The exponential function is perhaps the most efficient function in terms of the operations of calculus. The exponential function, \(y=e^x\), is its own derivative and its own integral.

Rule: Integrals of Exponential Functions

Exponential functions can be integrated using the following formulas.

\[∫e^xdx=e^x+C\]

\[∫a^xdx=\dfrac{a^x}{\ln a}+C\]

In this section we focus on integrals that result in inverse trigonometric functions. We have worked with these functions before. Recall, that trigonometric functions are not one-to-one unless the domains are restricted. When working with inverses of trigonometric functions, we always need to be careful to take these restrictions into account. Also, we previously developed formulas for derivatives of inverse trigonometric functions. The formulas developed there give rise directly to integration formulas involving inverse trigonometric functions.

## Integrals Involving Logarithmic Functions

Integrating functions of the form \(f(x)=x^{−1}\) result in the absolute value of the natural log function, as shown in the following rule. Integral formulas for other logarithmic functions, such as \(f(x)=\ln x\) and \(f(x)=log_ax\), are also included in the rule.

Rule: Integration Formulas Involving Logarithmic Functions

The following formulas can be used to evaluate integrals involving logarithmic functions.

\[\begin{align} ∫x^{−1}dx &=\ln |x|+C \\ ∫\ln x\,dx &= x\ln x−x+C =x (\ln x−1)+C \\ ∫log_a\,x\,dx &=\dfrac{x}{\ln a}(\ln x−1)+C \end{align}\]

## Integrals that Result in Inverse Sine Functions

Let us begin this last section of the chapter with the three formulas. Along with these formulas, we use substitution to evaluate the integrals. We prove the formula for the inverse sine integral.

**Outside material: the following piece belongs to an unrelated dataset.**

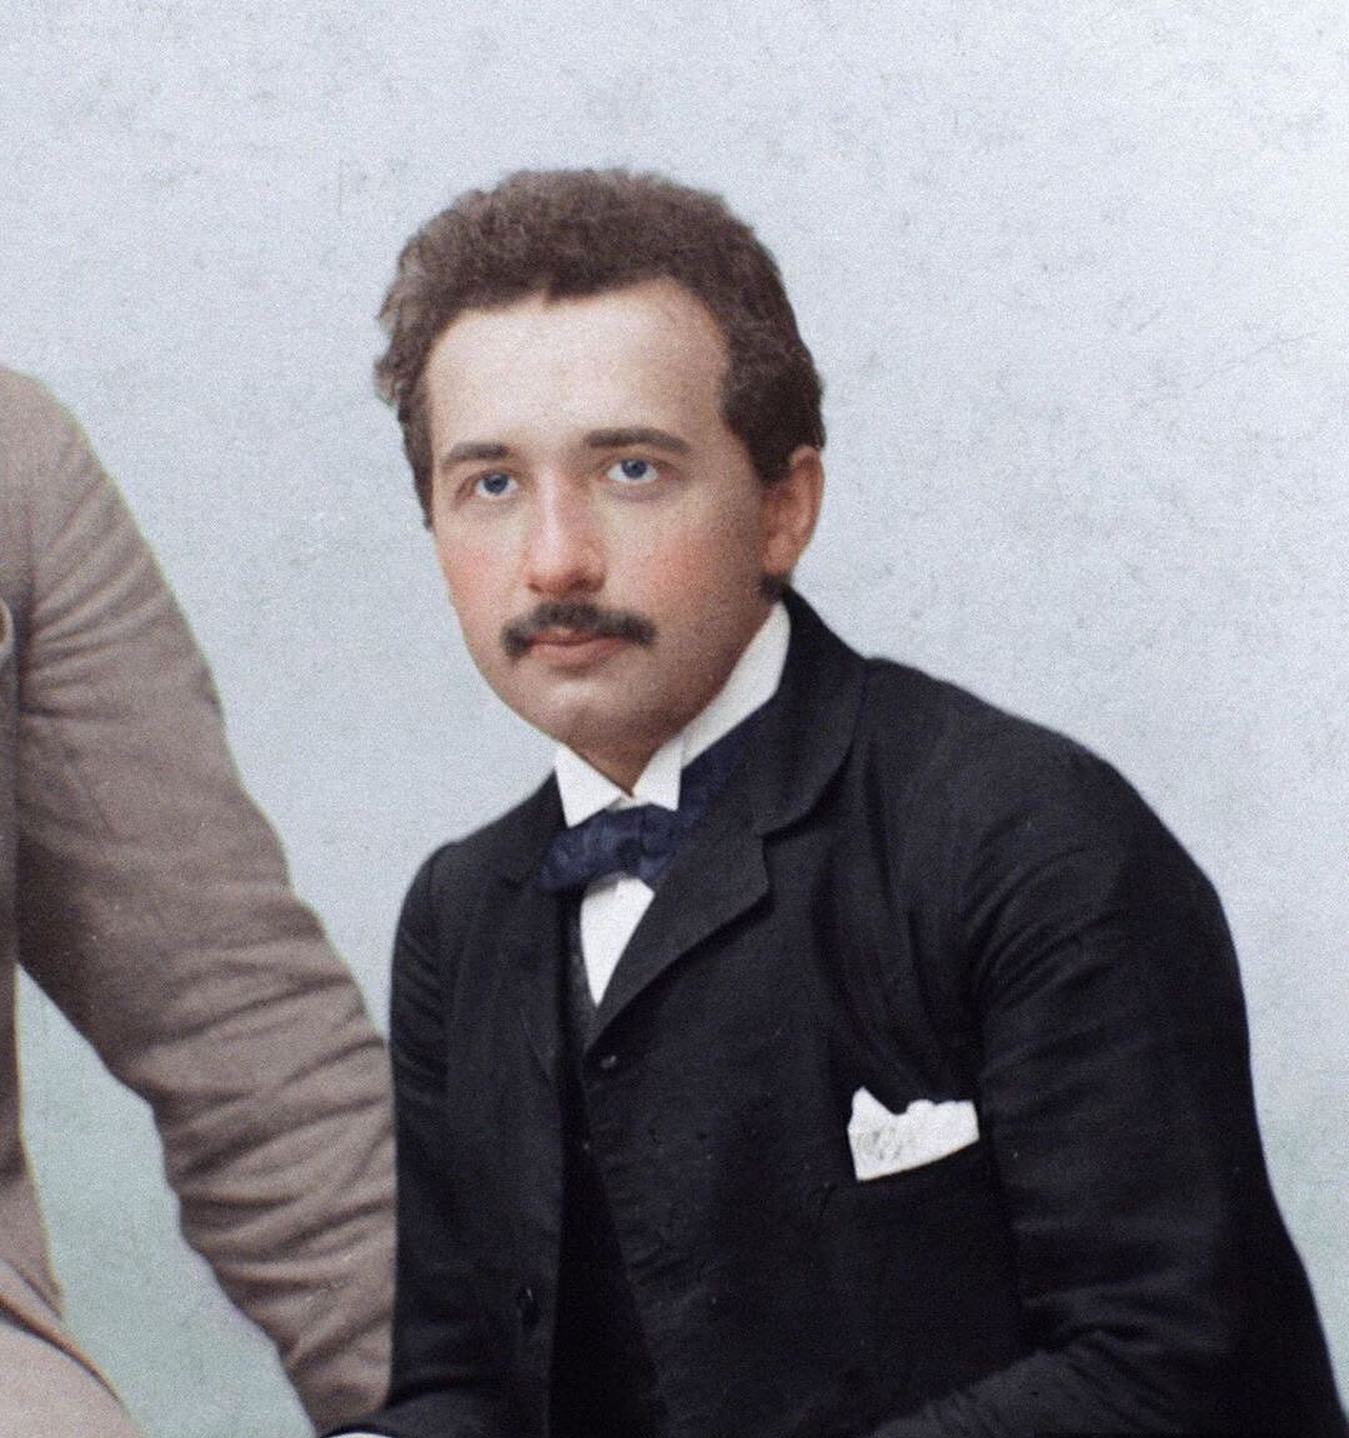 albert einstein pose pour une photo à zurich, en suisse, à l’âge de 24 ans en 1903.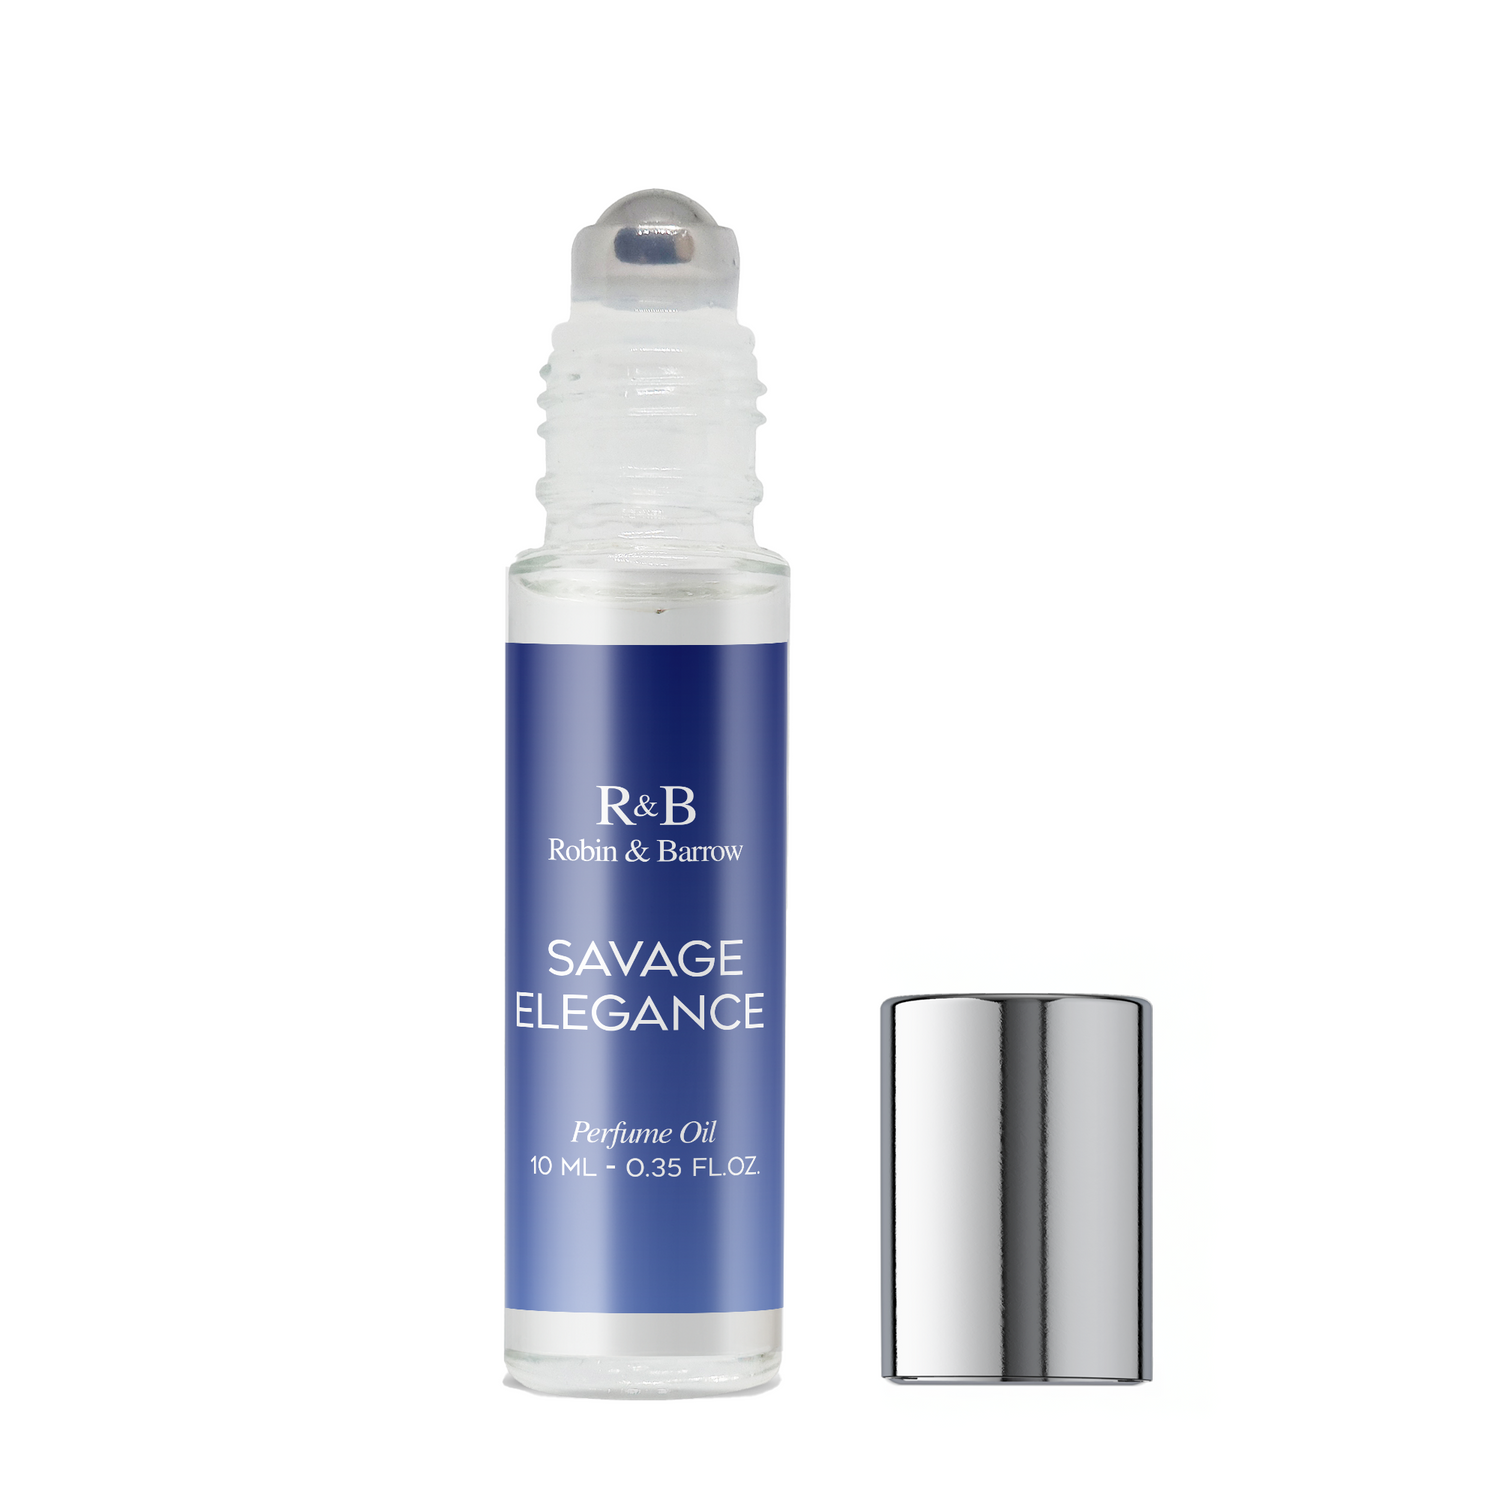 Savage Elegance - Perfume Oil

Rule: Integration Formulas Resulting in Inverse Trigonometric Functions

The following integration formulas yield inverse trigonometric functions:

\[ \begin{align} ∫\dfrac{du}{\sqrt{a^2−u^2}}&=\sin^{−1}\dfrac{u}{a}+C \\ ∫\dfrac{du}{a^2+u^2}&=\dfrac{1}{a}\tan^{−1}\dfrac{u}{a}+C \\ ∫\dfrac{du}{u\sqrt{u^2−a^2}}&=\dfrac{1}{a}sec^{−1}\dfrac{u}{a}+C \end{align}\]

**Proof:**-
Let \( y=\sin^{−1}\dfrac{x}{a}.\) Then \( a \sin y=x\). Now let’s use implicit differentiation. We obtain

\[ \dfrac{d}{dx}(a \sin y)=\dfrac{d}{dx}(x)\]

\[ a\cos y\dfrac{dy}{dx}=1\]

\[ \dfrac{dy}{dx}=\dfrac{1}{a\cos y}.\]

For \( −\dfrac{π}{2}≤y≤\dfrac{π}{2},\cos y≥0.\) Thus, applying the Pythagorean identity \( \sin^2y+\cos^2y=1\), we have \( \cos y=\sqrt{1=\sin^2y}.\) This gives

\[ \begin{align} \dfrac{1}{a \cos y} &=\dfrac{1}{a\sqrt{1−\sin^2y}} \\ &=\dfrac{1}{\sqrt{a^2−a^2 \sin^2y}} \\ &=\dfrac{1}{\sqrt{a^2−x^2}}. \end{align}\]

Then for \( −a≤x≤a,\) we have

\[ ∫\dfrac{1}{\sqrt{a^2−u^2}}du=sin^{−1}(\dfrac{u}{a})+C.\]

Proof

Let \( y=\sin^{−1}\dfrac{x}{a}.\) Then \( a \sin y=x\). Now let’s use implicit differentiation. We obtain

\[ \dfrac{d}{dx}(a \sin y)=\dfrac{d}{dx}(x)\]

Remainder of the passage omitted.